Tiberius se sentó en una pequeña habitación tenuemente iluminada.

Ésta estaba limpia, bien iluminada, todo lo que podría haber deseado en la mazmorra que había sido su prisión durante lo que parecía una eternidad, ahora estaba allí.

Ahora llevaba ropa limpia y sencilla —una túnica de suave lana que se sentía como un lujo contra su piel.

Todavía podía sentir la rigidez en sus huesos, pero por primera vez en lo que le parecían años, estaba caliente, alimentado y ya no confinado por las frías paredes de piedra de una celda.

Días después del rescate llegó a saber que lo que le parecieron años, fueron solo dos meses.

Los restos de una comida estaban frente a él en la mesa de madera —carne asada, pan y una copa de vino aguado.

Había comido con voracidad, casi mecánicamente los primeros días, su hambre superando cualquier pensamiento de saborear la comida.

Ahora, con el estómago lleno y las manos ya sin temblar, se sentaba en silencio, mirando las páginas esparcidas por la mesa.

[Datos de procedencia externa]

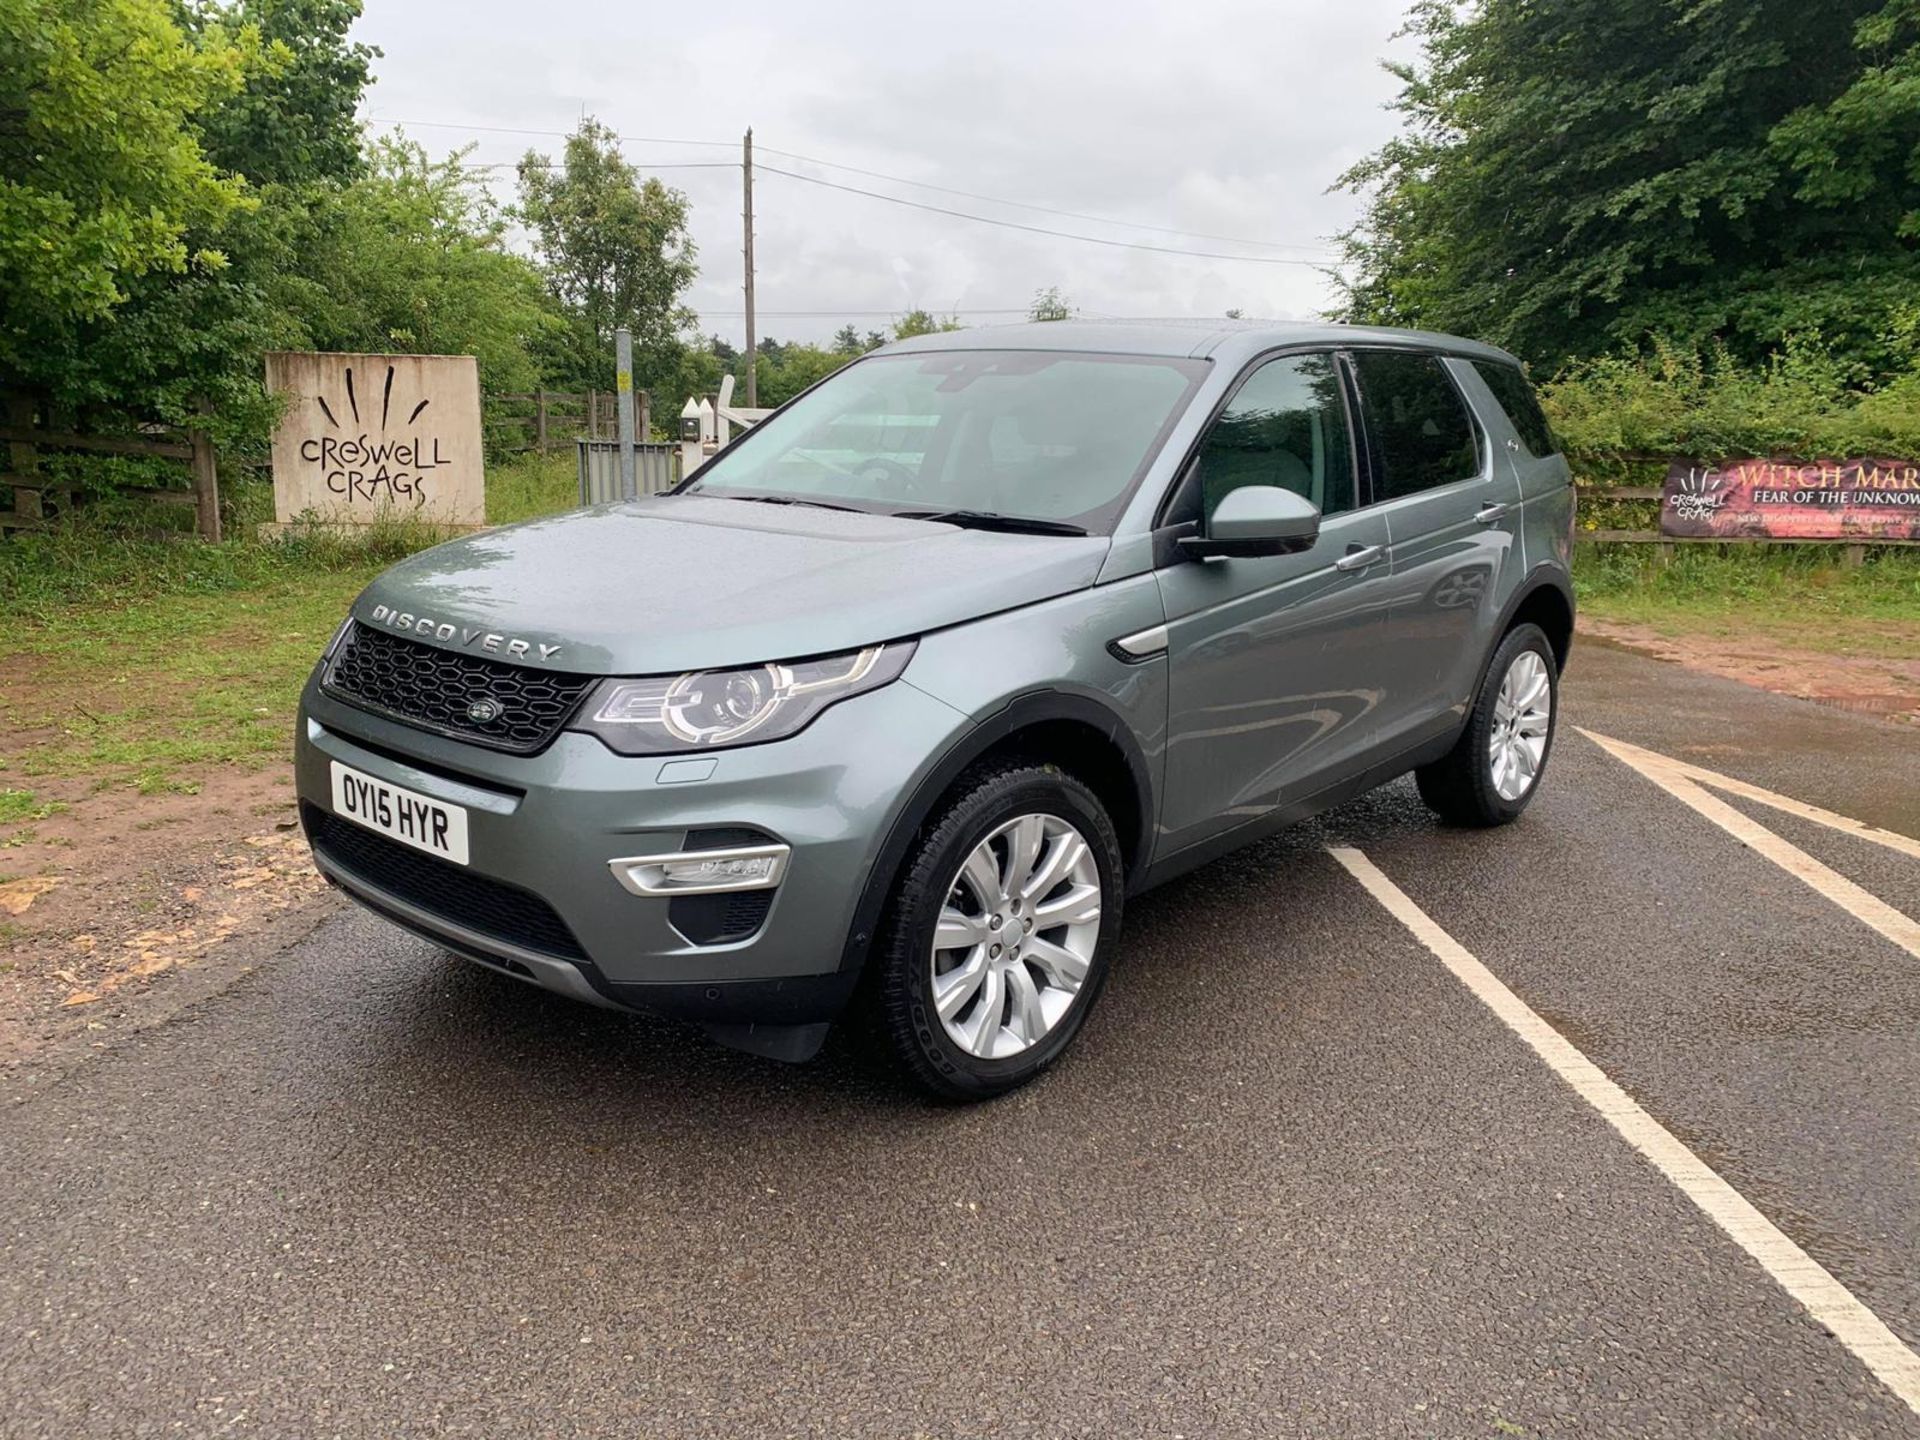 2015/15 REG LAND ROVER DISCOVERY SPORT SD4 HSE LUXURY 2.2 DIESEL AUTOMATIC, SHOWING 2 FORMER KEEPERS - Image 4 of 17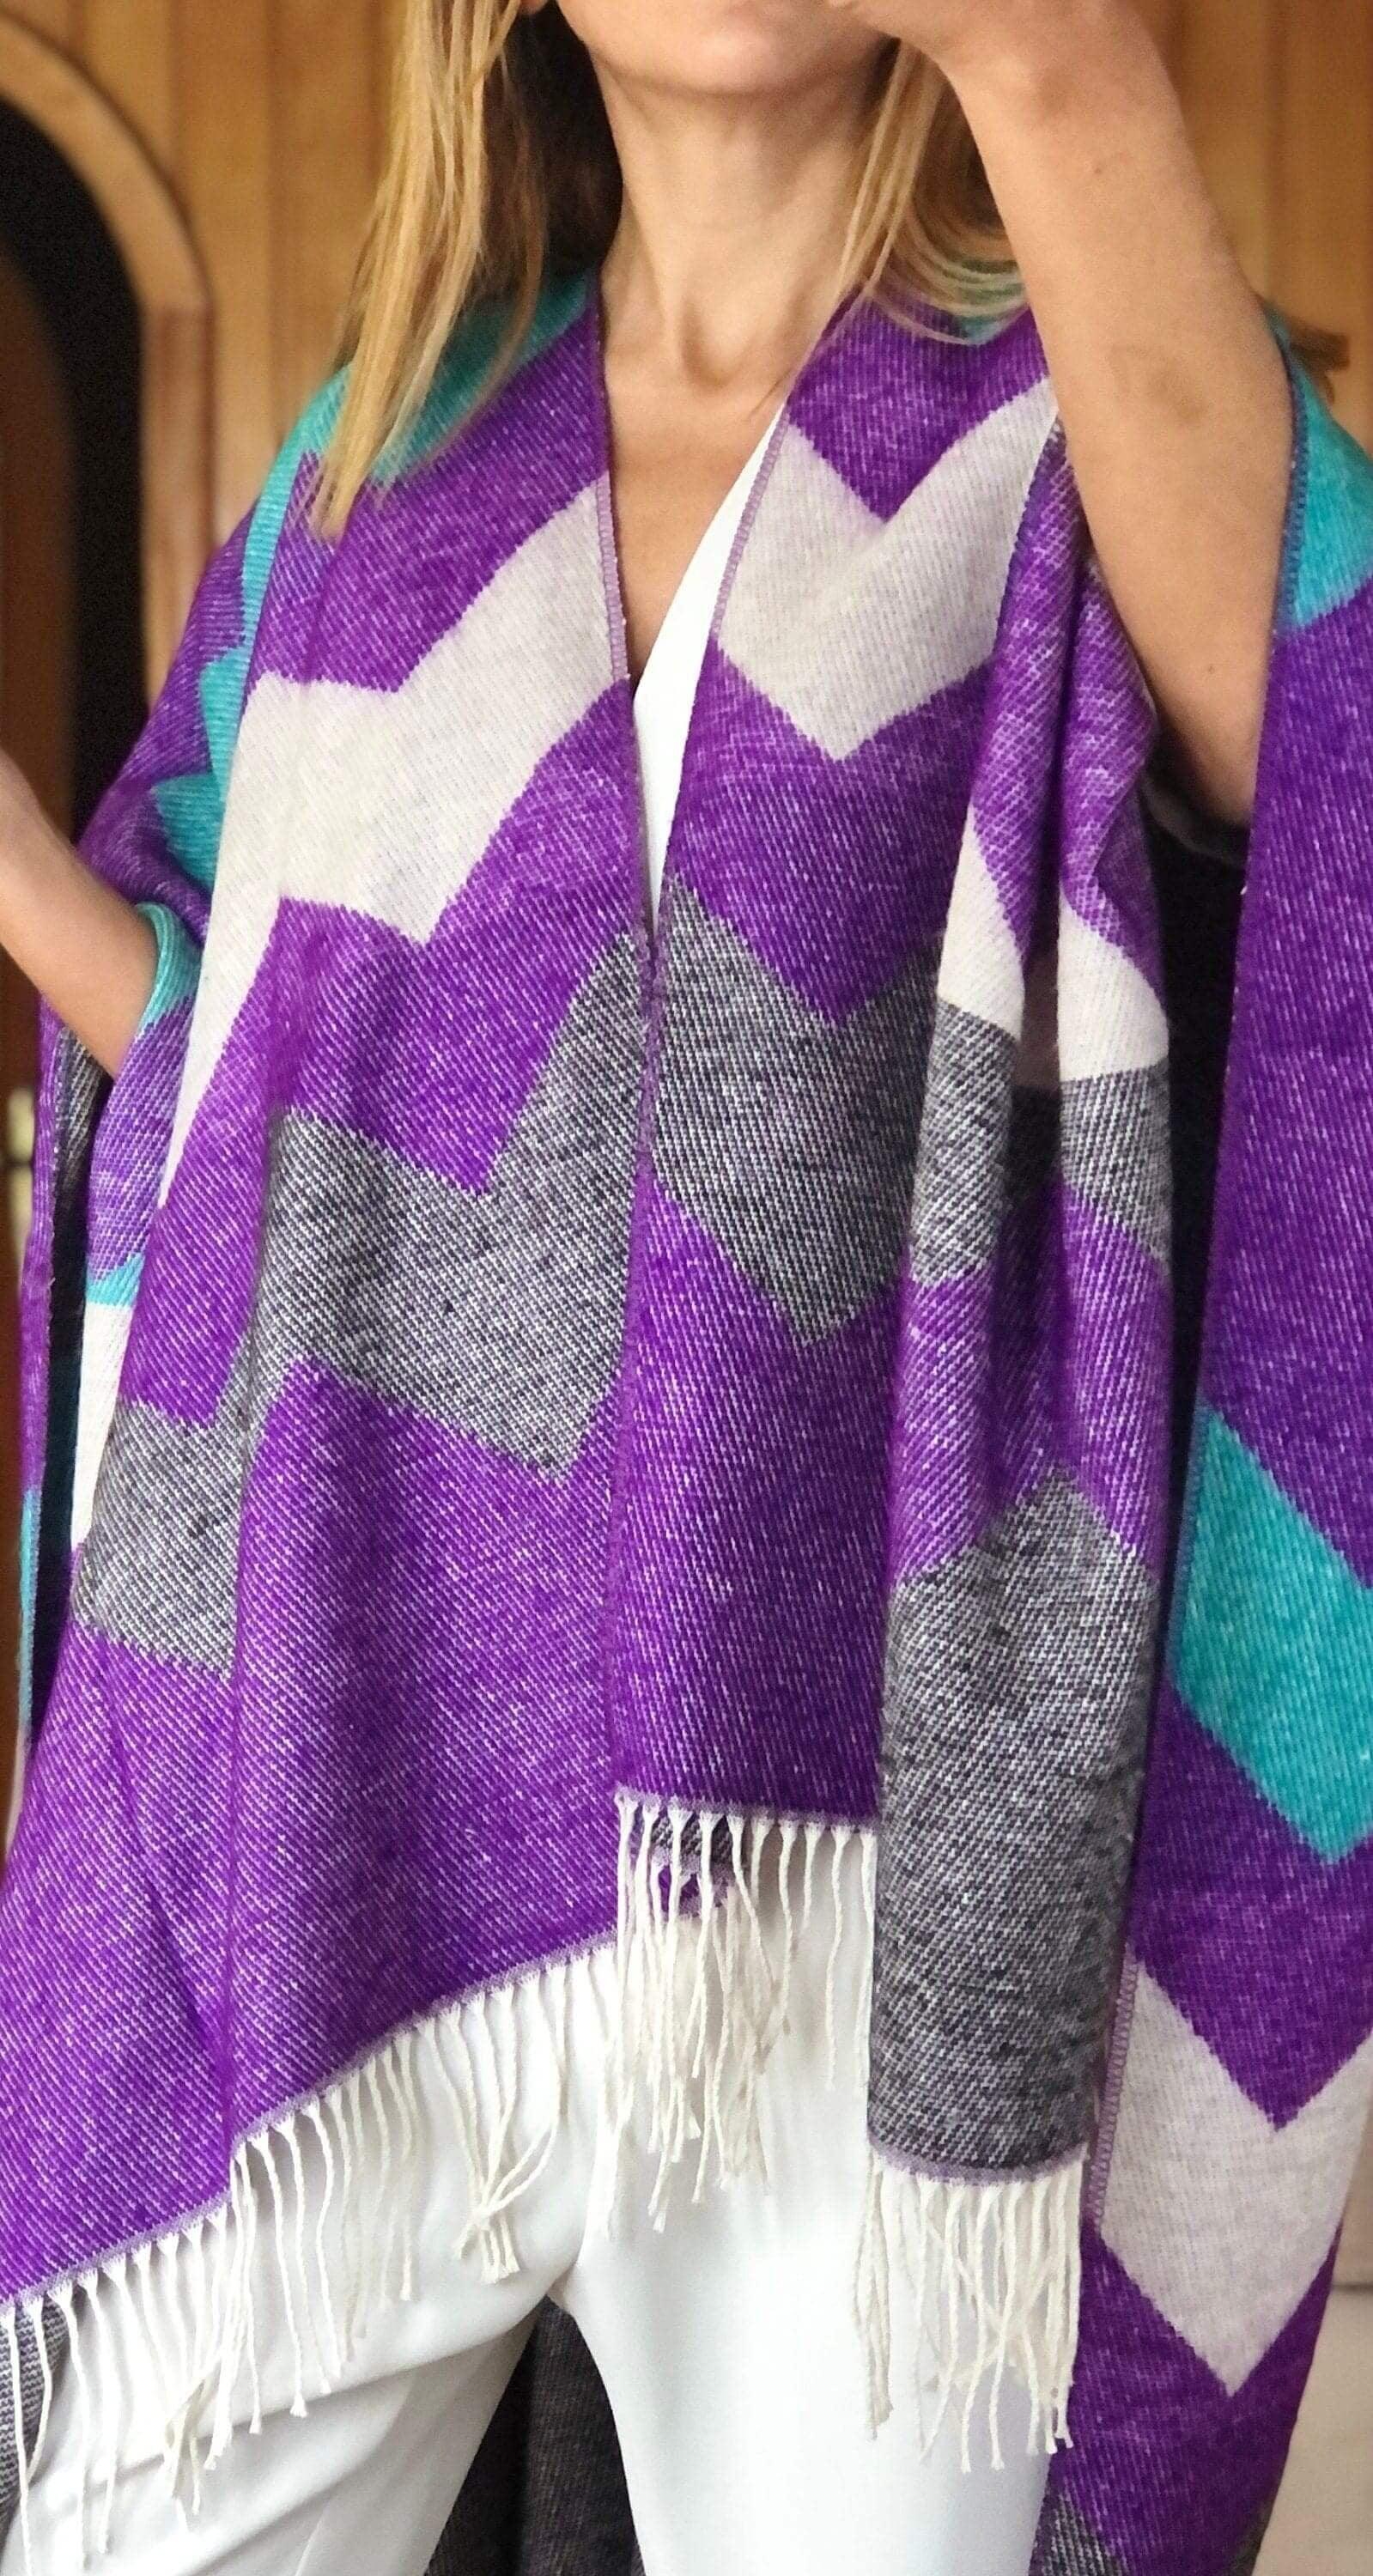 Handcrafted Geometric Wool and Acrylic Poncho in Purple, Gray, White, Blue - Perfect for Fall and Winter, Large and Warm, Ideal Gift for Mom available at Moyoni Design

Cada una estaba arrugada, llena de solo unos pocos garabatos irregulares —fragmentos de pensamientos, ideas abortadas.

Recordaba cuando su padre aún vivía, podía haber escrito páginas y páginas de poesía simplemente mirando el sol naciente.

Recordaba cuando Clara venía a su habitación trayéndole comida, siempre intentaba hacerla sentar y comer con él.

La echaba de menos, no pasó un solo día desde que fue detenido en una celda donde se preguntaba dónde estaba ella.

Se reclinó en su silla, volviéndose para mirar por encima de su hombro hacia el escritorio detrás de él.

La comida había calmado su cuerpo, pero su mente seguía en tumulto.

Miró una vez más las páginas arrugadas, sabiendo que no contenían respuestas.

Eran solo los desvaríos de un hombre que había estado enjaulado demasiado tiempo, tratando desesperadamente de encontrar sentido en la locura.

Tiberius había pasado horas, quizás días, tratando de entender quién lo había rescatado de esa celda inmunda y sofocante.

Cada vez que se abría la puerta para traerle comida, era el mismo chico quien entraba.

El sirviente, no más de uno o dos años menor que Tiberius, era de constitución ligera con rasgos poco destacables —piel pálida, una mata de pelo castaño y un comportamiento nervioso.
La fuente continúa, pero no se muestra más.